Question

FTC part 2 ?

Answer 1

\[g(x)=\int\limits_{2}^{3x}(2t+3)dt\]

Answer 2

So do I just integrate and sub the limits as usual

Answer 3

everything turns into dx

Answer 4

my instructions are to find the derivative of each of the following functions defined by integrals

Answer 5

yeah and then
F(b) - F(a)

Answer 6

ok let me do it on my paper and can you double check my solution please

Answer 7

http://math.ucsd.edu/~wgarner/math20b/ftc.htm

Answer 8

yeah integration is not needed, just evaluate the bounds

Answer 9

so I just sub the limits and not integrate

Answer 10

\[\large g(x)=\int\limits_{2}^{3x}(2t+3)dt\]

\[\large g'(x)=\dfrac{d}{dx}\int\limits_{2}^{3x}(2t+3)dt\]

Answer 11

\[\large =(2(3x)+3) (3x)'\]

Answer 12

\[\large =(2(3x)+3) (3)\]

Answer 13

need an explanation ? :)

Answer 14

yes, please

Answer 15

lets work out a more general problem :

\[\large \dfrac{d}{dx} \int \limits_{a}^{g(x)} f(t) dt = ?\]

Answer 16

say, \(F(t) = \int f(t) dt\), then :

\[\int \limits_a^b f(t) dt = F(b) - F(a)\]

Answer 17

take the derivative with respect to x both sides :

\[\dfrac{d}{dx}\int \limits_a^b f(t) dt = \dfrac{d}{dx} F(b) - \dfrac{d}{dx}F(a)\]

Answer 18

In our present problem, b = g(x), a = some constant
since the derivative of constant is 0, we get :

\[\dfrac{d}{dx}\int \limits_a^b f(t) dt = \dfrac{d}{dx} F(b) - \dfrac{d}{dx}F(a)\]

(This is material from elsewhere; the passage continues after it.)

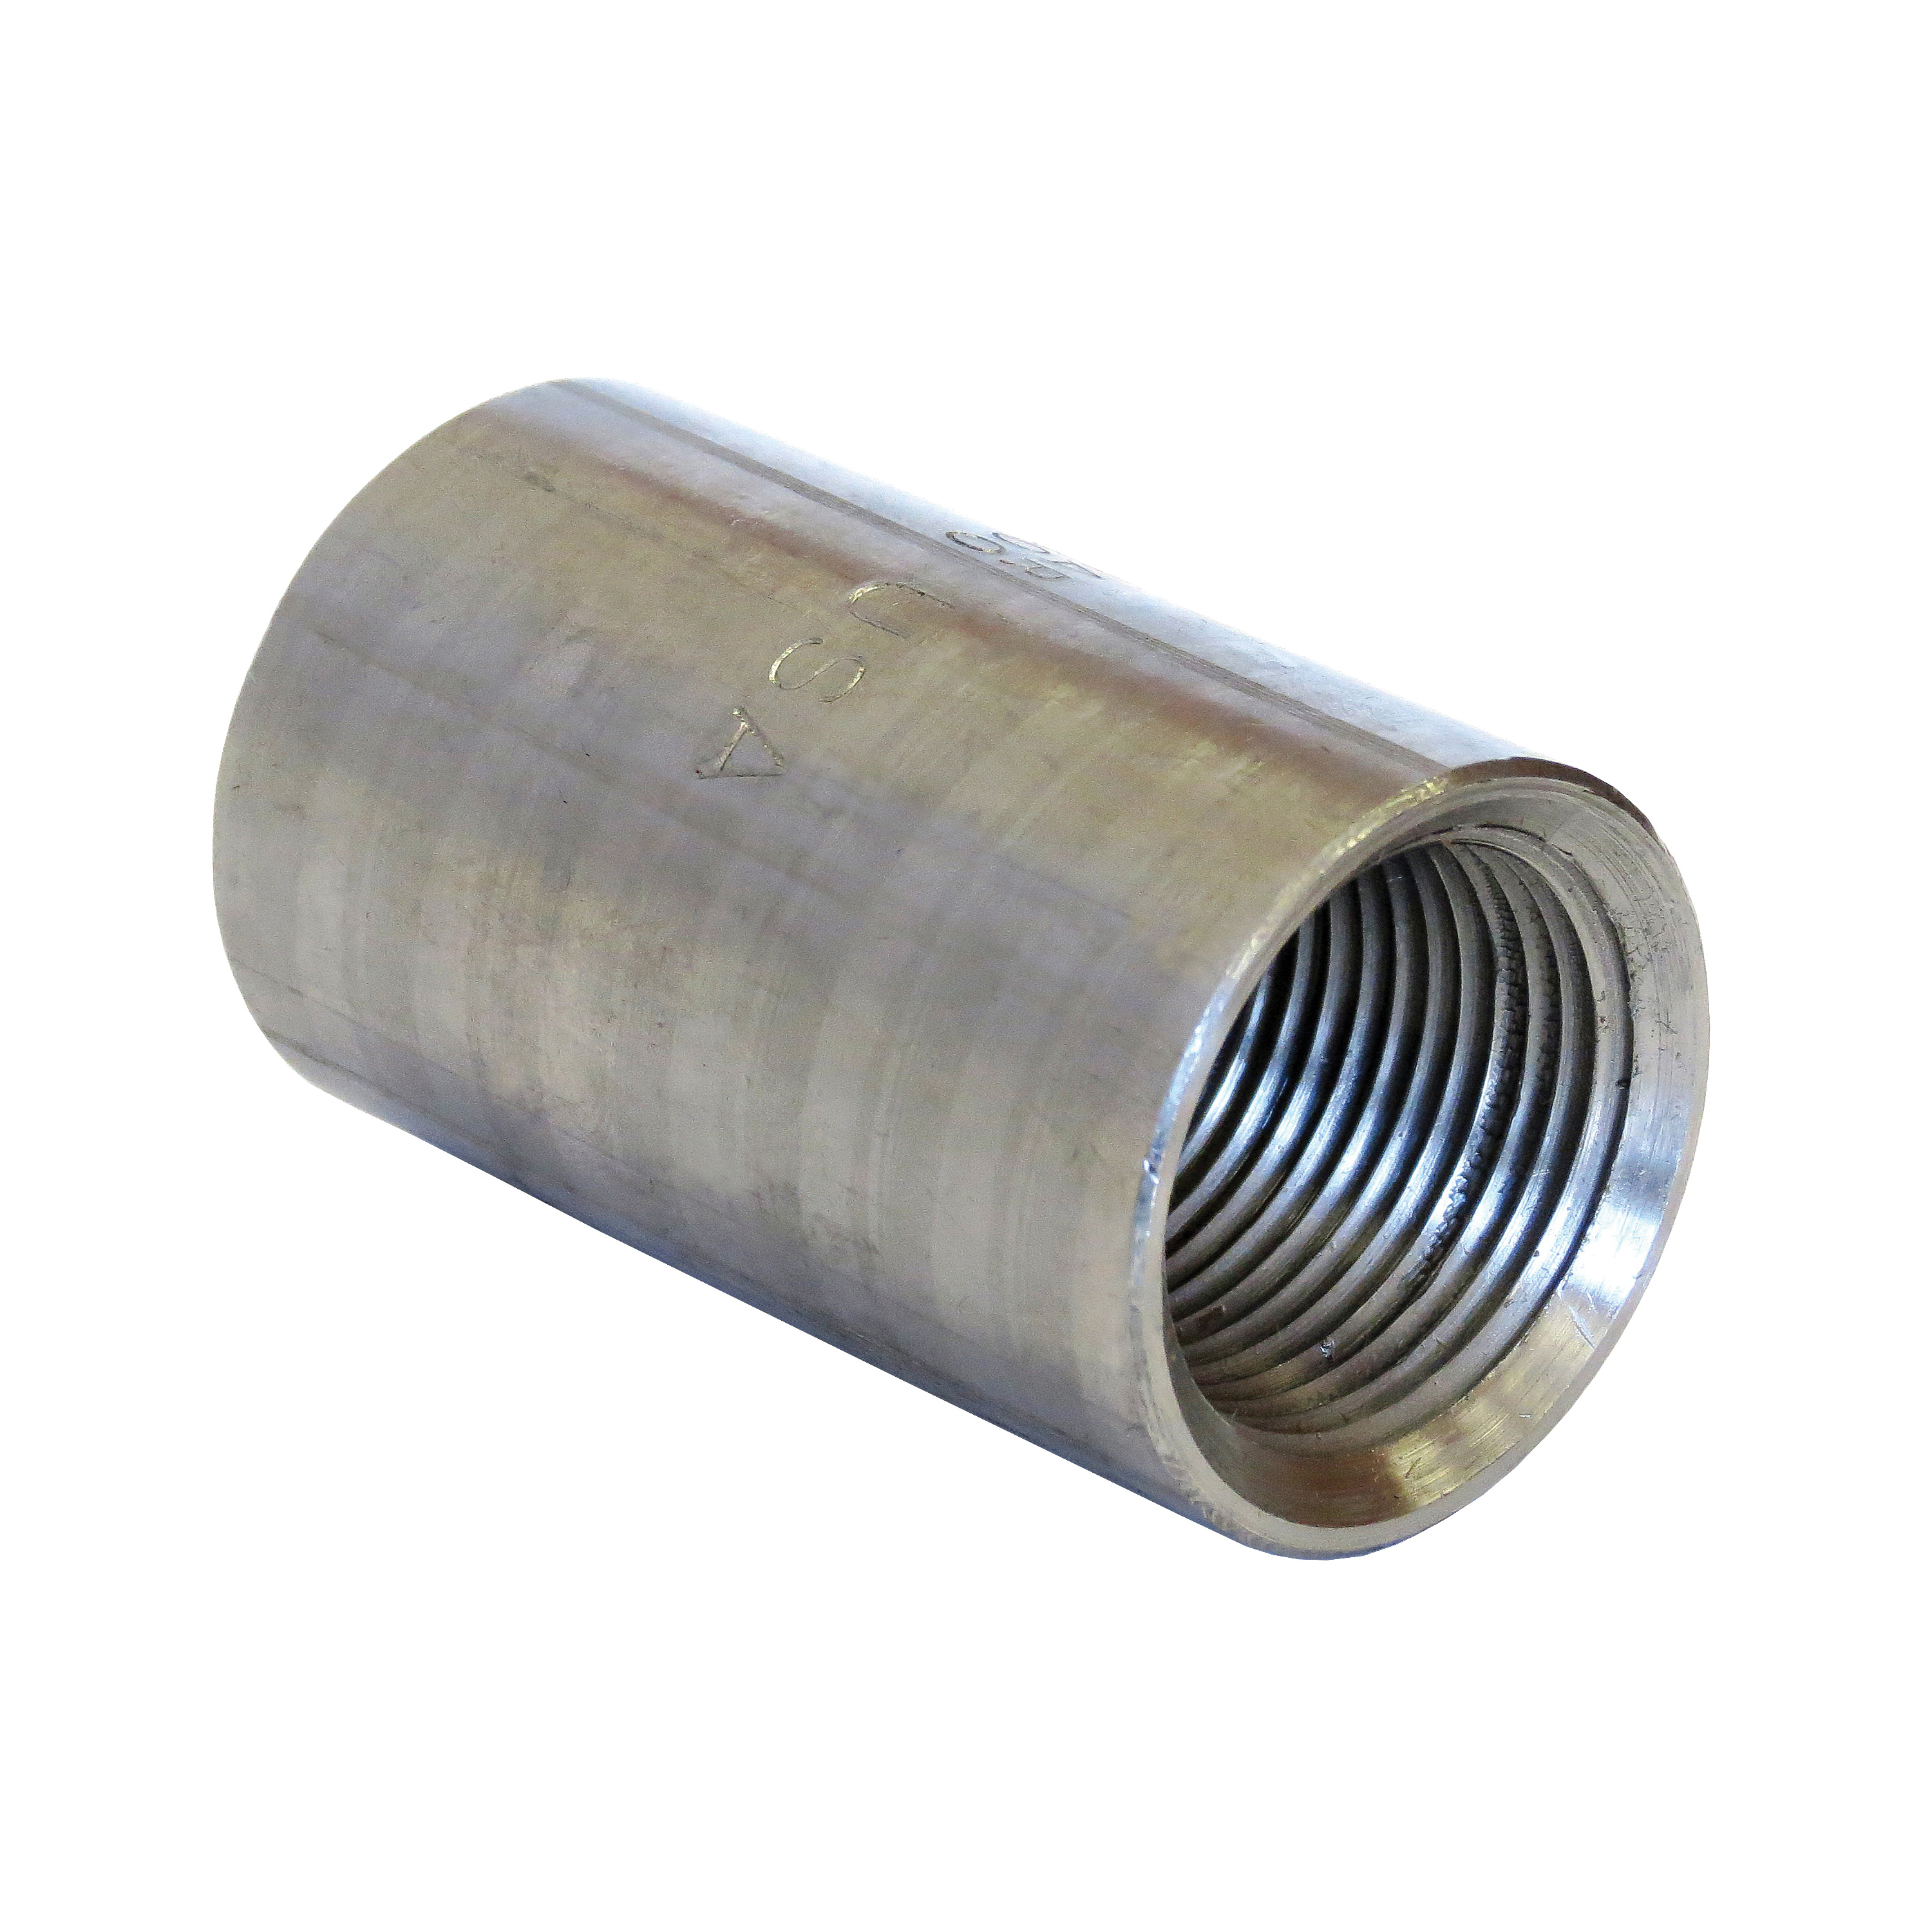 0321200602 FIG 337 Taper Tapped Non-Recessed Full Coupling, Steel, 4-5/8 in, SCH 80/XH and SCH XS, NPT, Galvanized, Domestic

\[ = \dfrac{d}{dx} F(b) - 0\]
\[ = \dfrac{d}{dx} F(b) \]

Answer 19

does that look okay so far

Answer 20

yes I am writing this all down on my class notes so I can study it. I have 6 of these types of problems to do.

Answer 21

next take the derivative using chain rule

Answer 22

keep in mind that b is not a constant number,
b = g(x) is a function of x

Answer 23

so my final solution is 18x+9

Answer 24

18x+9 is correct for the original problem

Answer 25

wait the second part for this one is d/dx F(2)

Answer 26

when I sub 2 I get 2(2)+3=7 and the derivative of a constant is zero

Answer 27

exactly ! so we don't need to bother about the lower bound

Answer 28

Formula :

\[\dfrac{d}{dx}\int \limits_a^{g(x)} f(t) dt = f(g(x)) \times g'(x)\]

Answer 29

if I have a number on either bound does that mean I disregard the upper or lower bound
In the next problem the upper bound is -1 so I will disregard the upper bound, correct

Answer 30

yep ! cuz when u differentiate it, it vanishes..

Answer 31

thanks, looks like now I know how to do the other 5 problems. Thank so much

Answer 32

careful about the signs...

\(\int_a^b \ne \int_b^a\)

Answer 33

\(\int_a^b = - \int_b^a\)

Answer 34

yes I will look out for that

Answer 35

just making sure :) when you have g(x) in the bottom, you need to change the formula accordingly - add a negative sign in front....

Answer 36

yes that is one of the properties of integrals or something like that (I don't recall it exact name)

Answer 37

Can you check the next one I did? the lower bond is -2

Answer 38

only if you have time, if not I am confident in your teaching and my learning.